At step 516, the total weight may be compared to a maximum total weight threshold, which may correspond to the maximum accessibility value described above. If the total weight is greater than or equal to the maximum total weight threshold, a copy of the file may be removed from an information handling system to reduce the total weight, at step 522. In certain embodiments, the process may query whether a copy of the file is available for removal, at step 520. A copy may be unavailable for removal, for example, if the file is required in a particular information handling system, or if there are not alternative information handling systems in which to store the copy. If the copy is not available for removal, then the process may exit at step 524. If the copy is available for removal, the copy may be removed at step 522. Once the copy is removed, the process may return back to step 516 to see if the weight has been sufficiently reduce. If it has, the process exits at step 524. If it has not, copies from additional location may be removed.

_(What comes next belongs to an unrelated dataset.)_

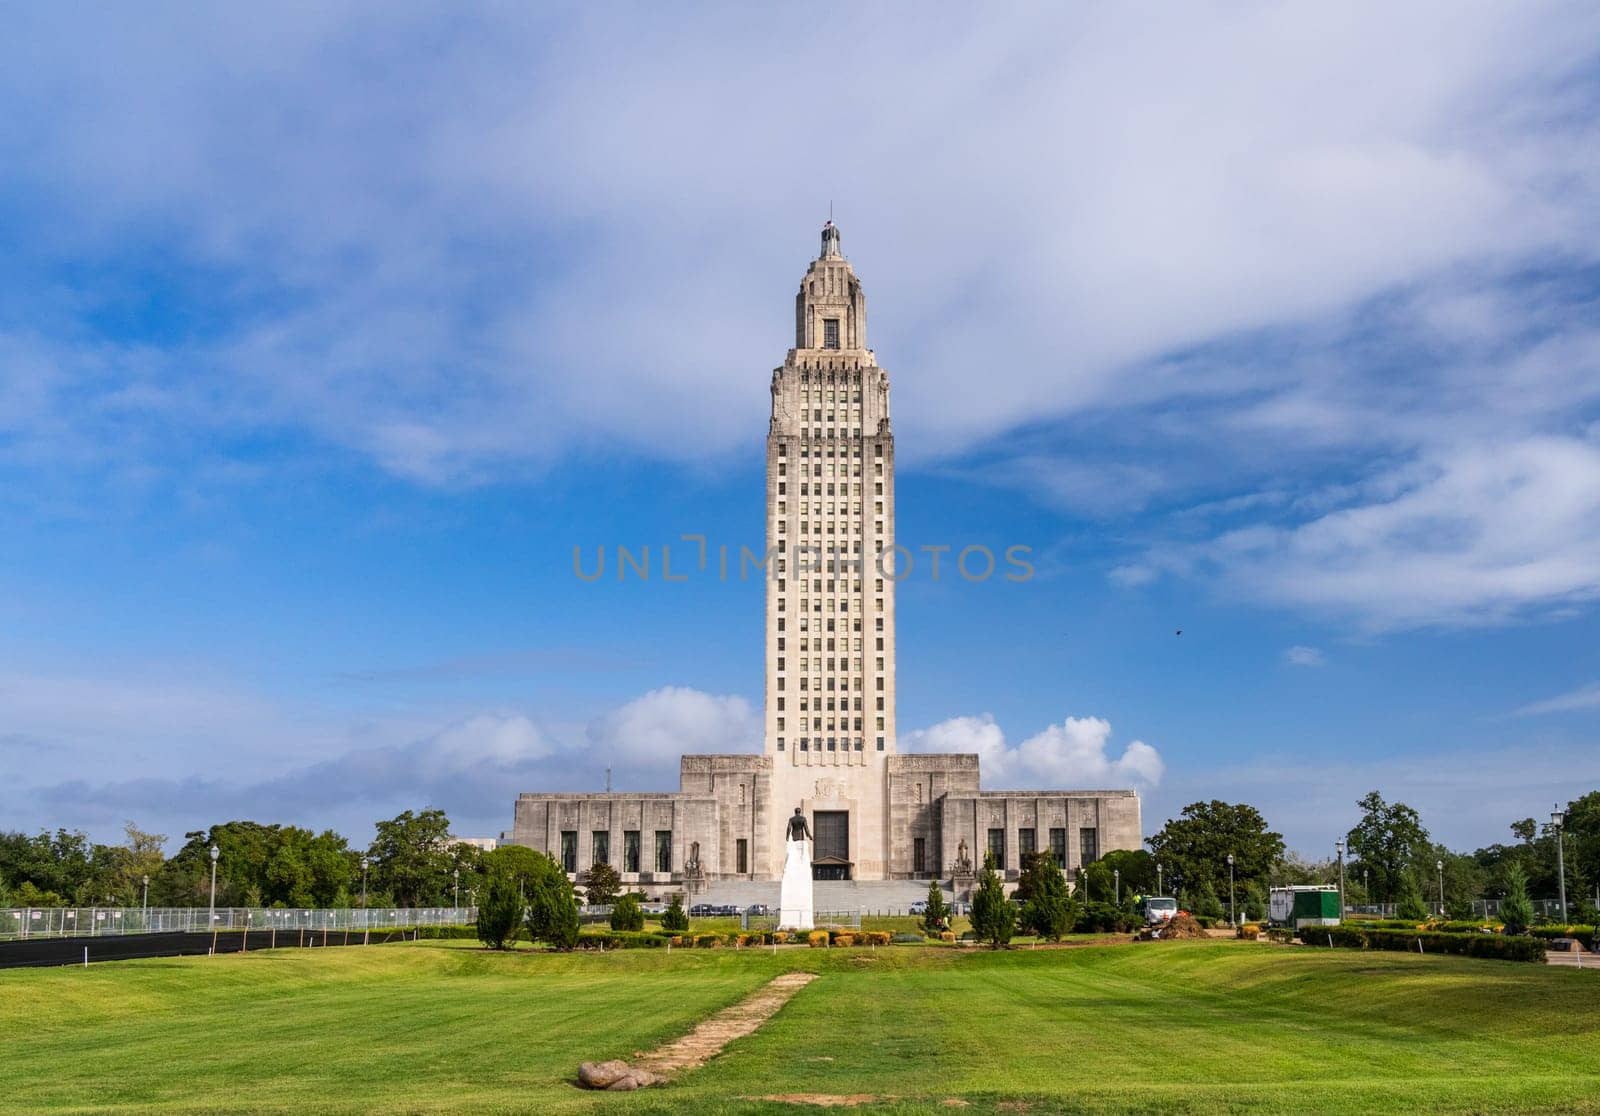 State Capitol building in Baton Rouge Louisiana by steheap

The optimized distributed storage system as described herein may be advantageous because the storage of back up files may be optimized to ensure that the files are accessible when a user requires the files, while not requiring a large dedicated, storage device that remains coupled to the network. Rather, the number of files stored, and the locale of the files within the distributed network can be optimized to ensure that the files are available. Likewise, the optimized distributed storage system allows for a user to control how and when the files are stored. Additionally, the distributed storage system may be optimized to maximize the availability of remotely stored files while limiting the total number of copies of the remotely stored files, which maximizes the available space within the distributed storage system. Although the present disclosure has been described in detail, it should be understood that various changes, substitutions, and alterations can be made hereto without departing from the spirit and the scope of the invention as defined by the appended claims.